New tenants soon for Harrogate’s Viper Rooms and nearby bar?

Harrogate’s struggling Royal Baths could soon have two new tenants.

North Yorkshire County Council bought the site as an investment asset for £9 million in 2018 but it has not generated the returns hoped for.

When the council bought the site, the units were occupied by J D Wetherspoon, The Potting Shed bar, the Viper Rooms nightclub and Royal Baths Chinese Restaurant.

But the Potting Shed has been closed for years and the sudden demise of the Viper Rooms in December left half the units unoccupied.

Days after the Viper Rooms closed, the council said the site had attracted “significant interest from potential tenants”. But three months on it remains empty.

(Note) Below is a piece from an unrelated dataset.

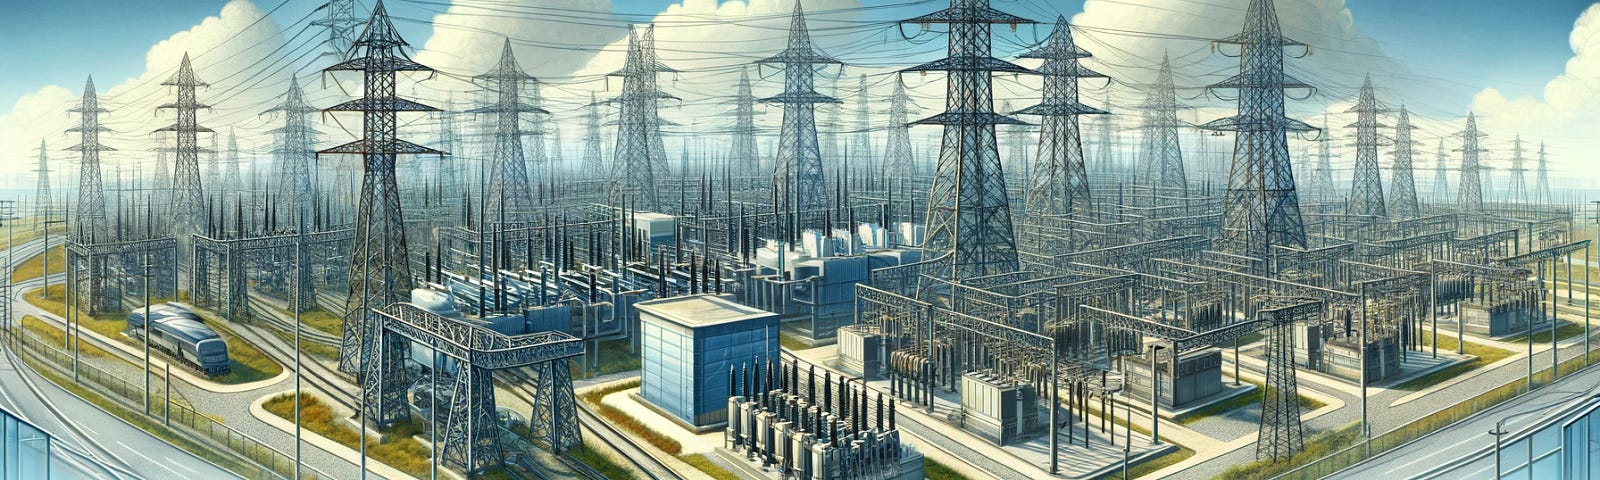 ChatGPT & DALL-E generated panoramic image illustrating the interests of institutional investors in the transmission grid.

In an update today, Gary Fielding, the county council’s corporate director for strategic resources, said:

“A unit which did house the Viper Rooms is continuing to attract significant interest, and an agent has been appointed to co-ordinate discussions with potential tenants.

“A lease has been signed for the final unit and a dialogue with the tenant is continuing to establish when the new venture will be launched.”

The new North Yorkshire Council will assume control of the Grade II listed Royal Baths on April 1 when the county council, along with seven district councils including Harrogate Borough Council, ceases to exist.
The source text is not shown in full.